Finally, if vertex x has degree 3 or more, then let \(G'' = G - \{ u,v,w \}\). The graph \(G''\) satisfies the hypothesis of the theorem, and so by the induction hypothesis has a 2-dominating set \(D''\) of size at most \(\frac{3}{4} \, (n-3)\). And \(D'' \cup \{ u, w\}\) is a 2-dominating set of G of the desired size.\(\square \)

If the graph G is 2-regular, then the bound is trivial (and known). So assume G is not a cycle. Let X denote the vertices of degree at least 3 and define a “tract” as a maximal connected subgraph all of whose vertices have degree 2 in G. Note that a tract forms a path, and both ends of the path have a neighbor in X (by the claim).

Claim

We may assume that the number of tracts is at least |X|.

Proof

Suppose some vertex v of X is incident with (at most) one tract. Then it must be that v has an end-vertex neighbor and the graph contains only one tract, and both ends thereof are adjacent to v. That is, the graph G is a cycle with one end-vertex added adjacent to one vertex. The bound of the theorem is easily checked for such a graph. Thus we may assume that each vertex of X is incident with at least two tracts, and the bound follows.\(\square \)

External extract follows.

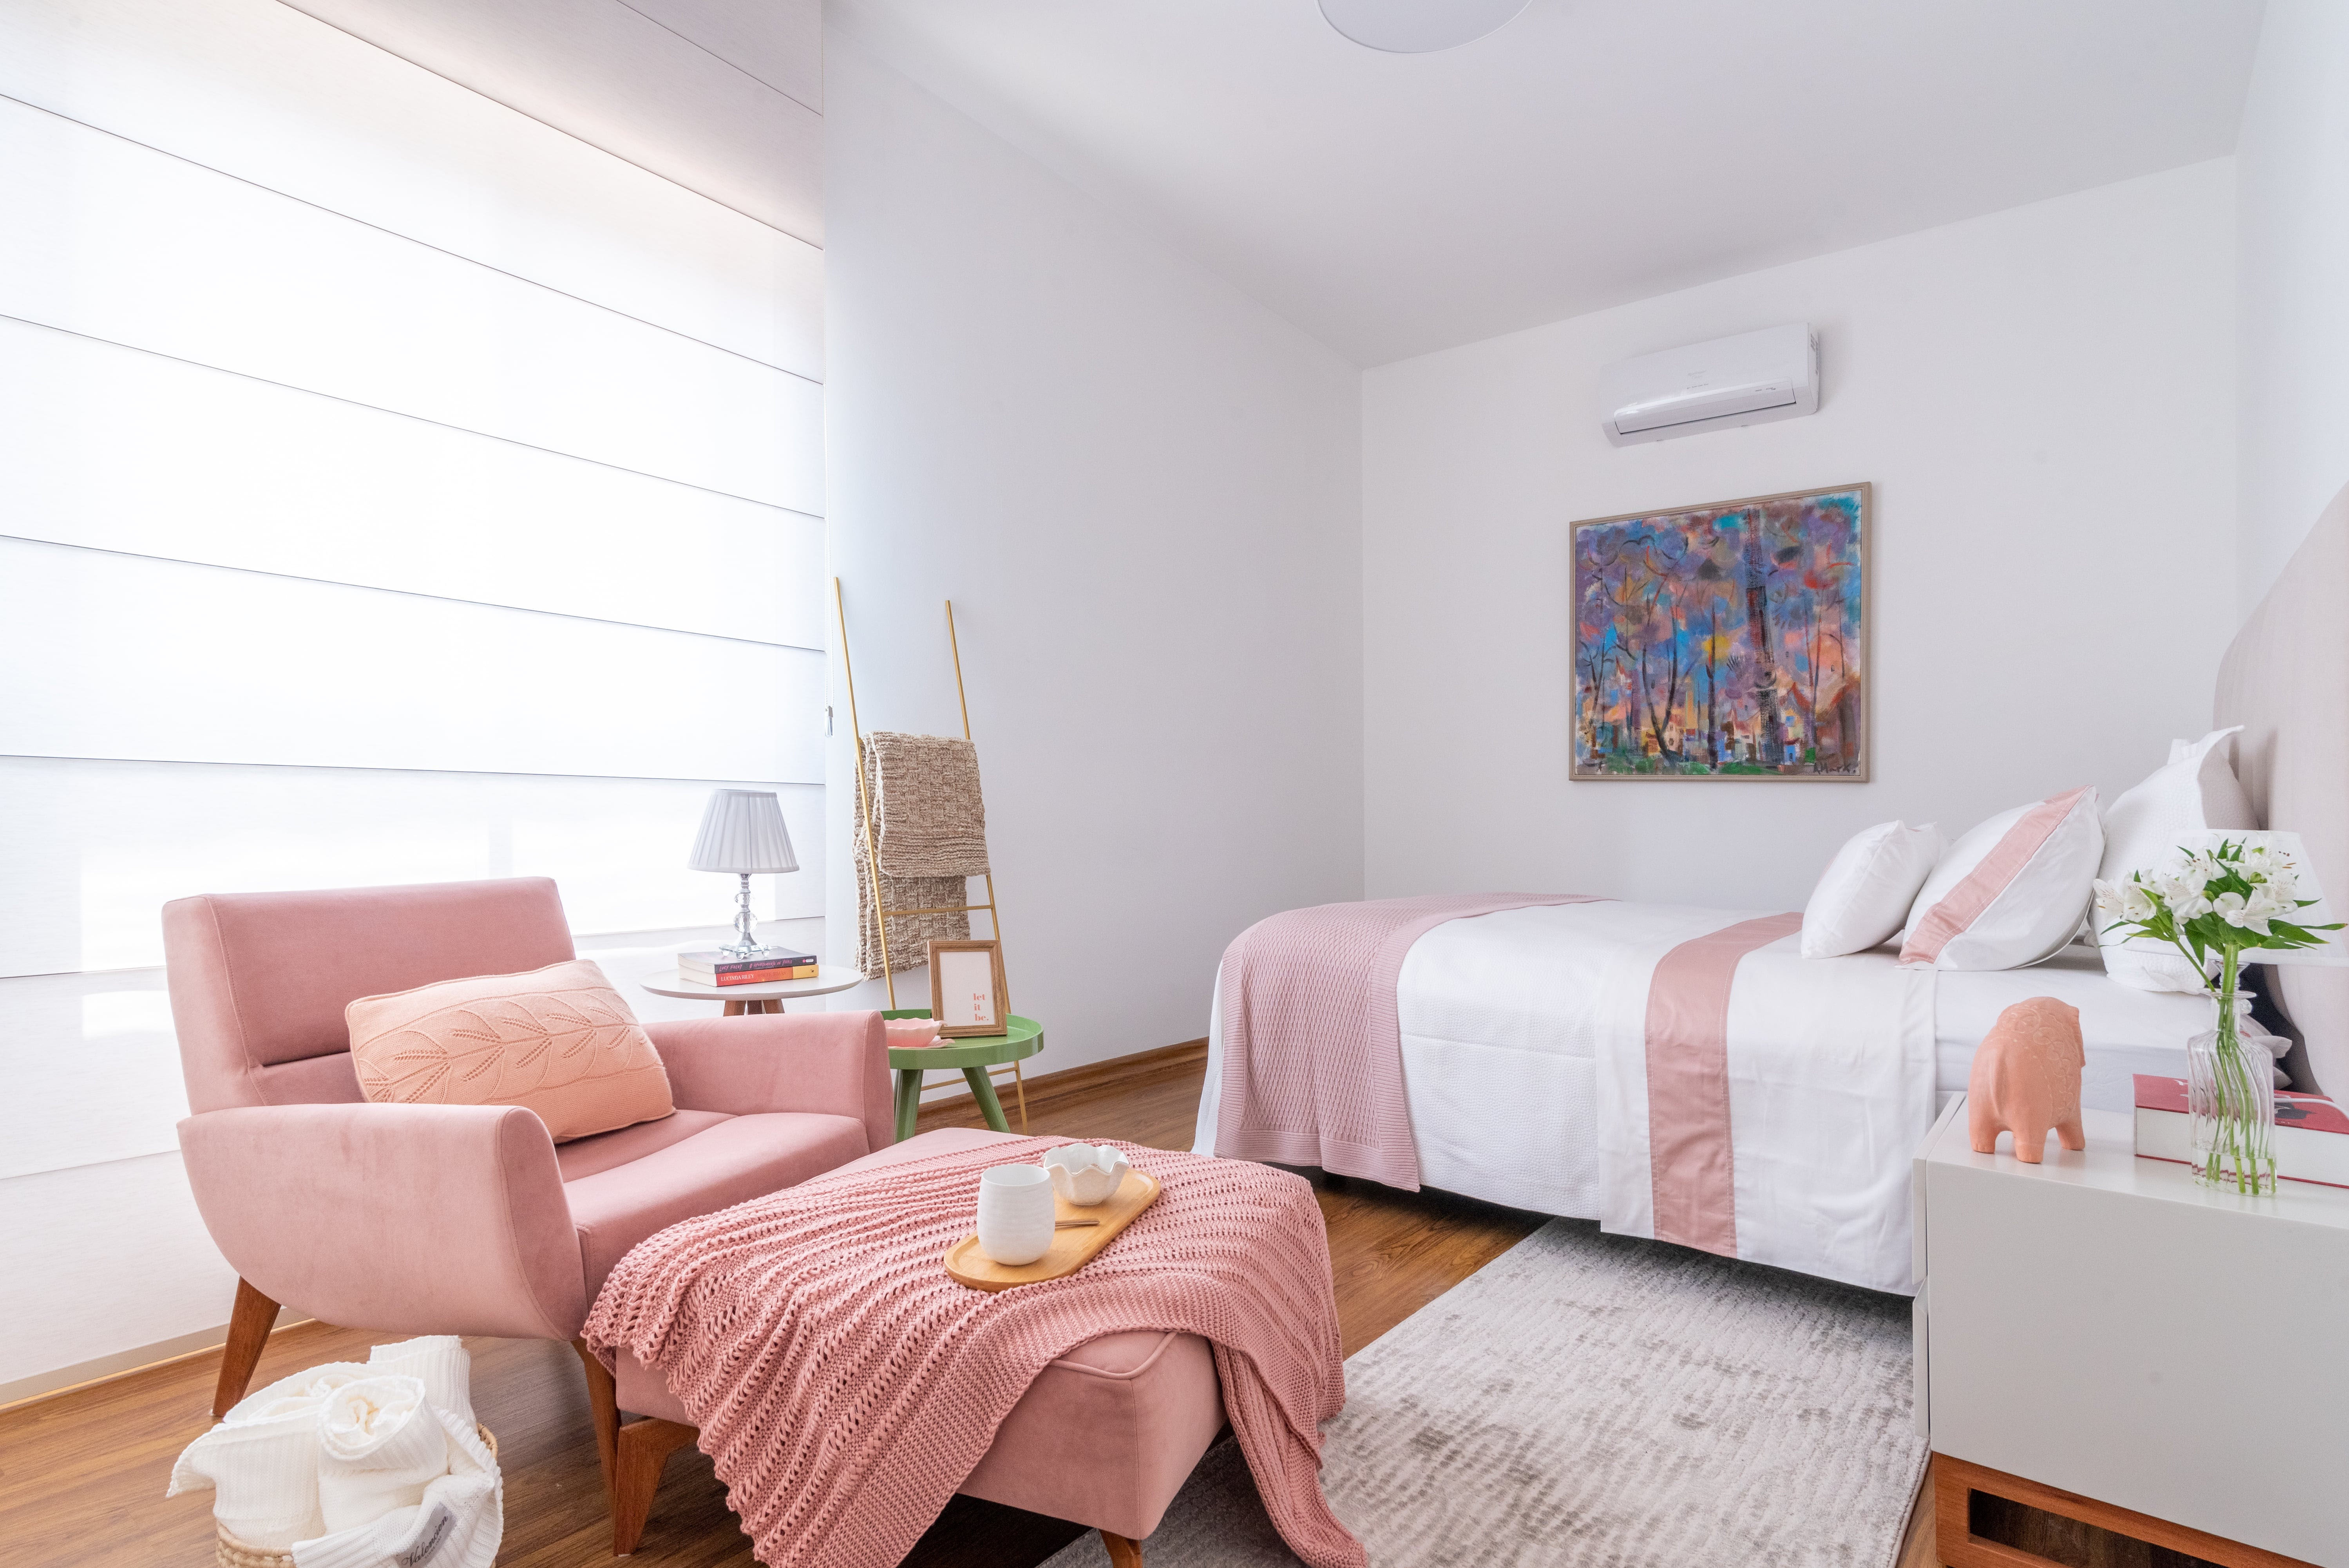 O romantismo do rosa deu o tom do décor no dormitório da moradora | Projeto Isabella Nalon Arquitetura | Foto: Julia Herman

Construct set D as follows. Start with X and all end-vertices. Then for each tract, take every alternate vertex, starting with the second. The set D is a 2-dominating set of G: one need only check that the degree-2 vertices are 2-dominated.

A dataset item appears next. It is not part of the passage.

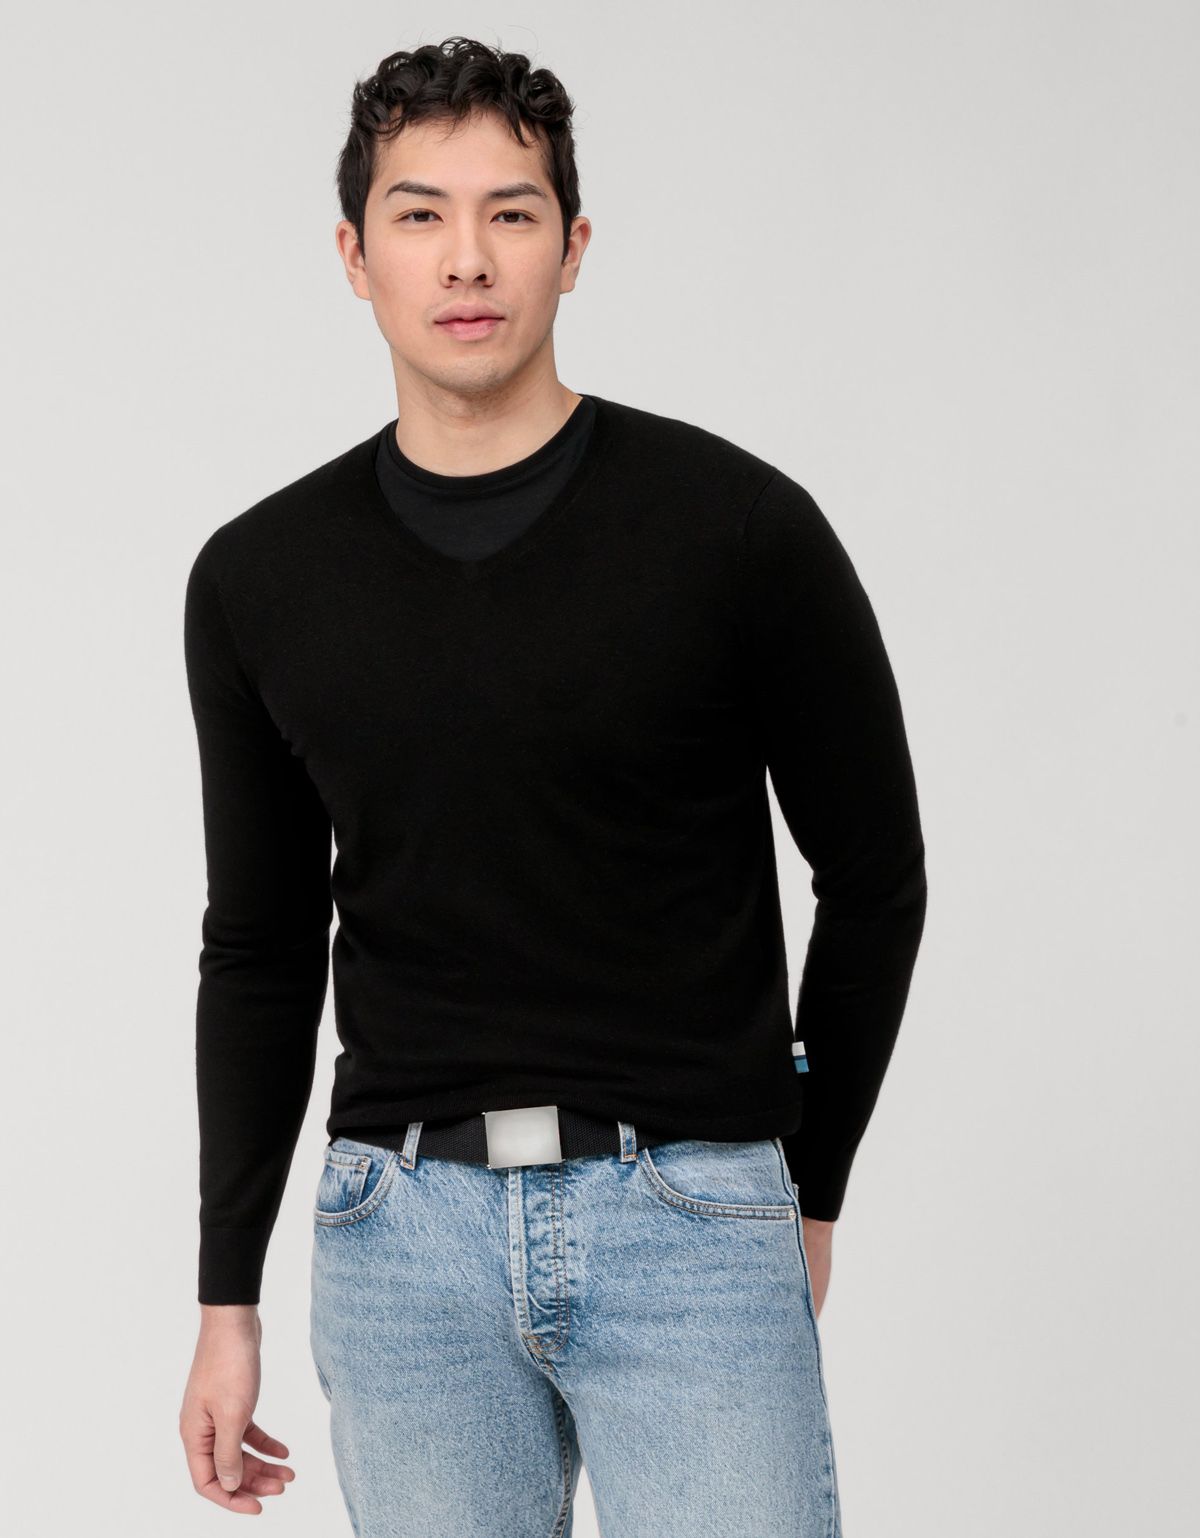 Пуловер черный мужской OLYMP, body fit[ЧЕРНЫЙ]

Now, for accountancy purposes, arbitrarily assign tracts to vertices of X such that each vertex \(v\in X\) is assigned at least one tract. (This is possible by the above claim.) Then let \(S_v\) be the set consisting of v, its end-vertex neighbor if it exists, and the one or more tracts assigned to v. The sets \(S_v\) form a partition of V(G). Let s denote the number of vertices of D in the tract(s) assigned to v. Then \(|D \cap S_v|/|S_v| \le (s+2)/(2s+2) \le 3/4\) if \(s\ge 1\), and \(|D \cap S_v|/|S_v| \le 2/3\) if \(s=0\). The bound of the theorem follows.

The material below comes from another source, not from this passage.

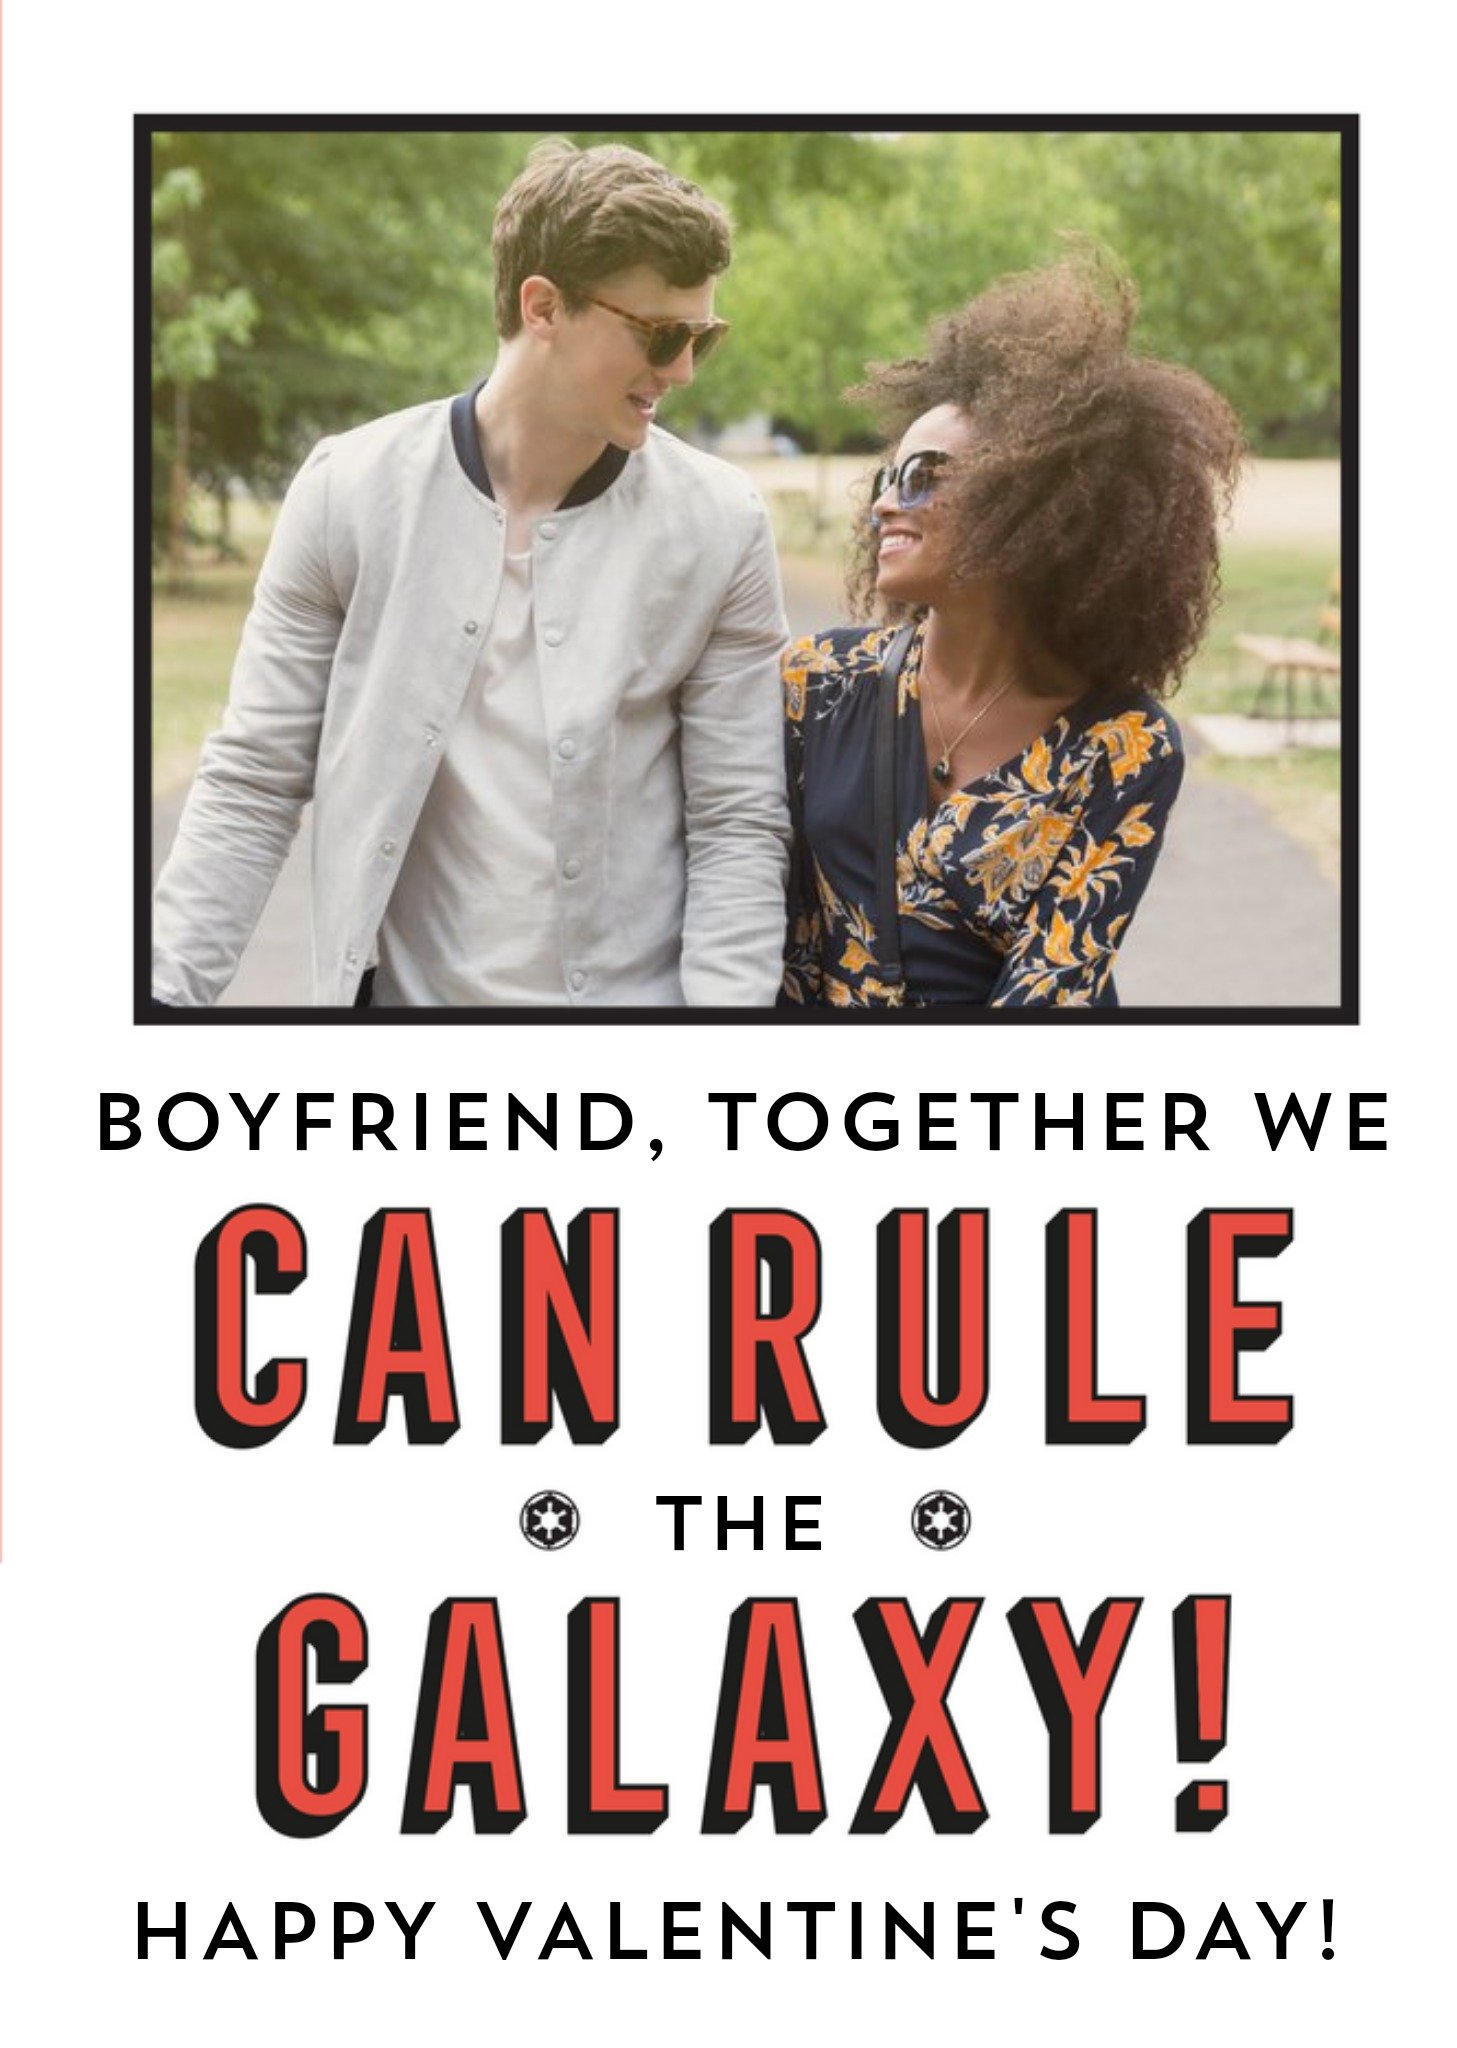 Disney Star Wars We Can Rule The Galaxy Boyfriend Valentine's Day Card Ecard

Equality in the bound is achieved by the corona of a corona, or equivalently the generalized corona using \(P_4\) rooted at one of the inner vertices. See Fig. 4 for an illustration.\(\square \)

Fig. 4
figure 4

A graph where \(\gamma _2\) is \(\frac{3}{4}\) the order

We consider next the restriction to graphs with unique minimum 2-dominating sets. We believe the upper bound is two-thirds the order. We can prove it for trees.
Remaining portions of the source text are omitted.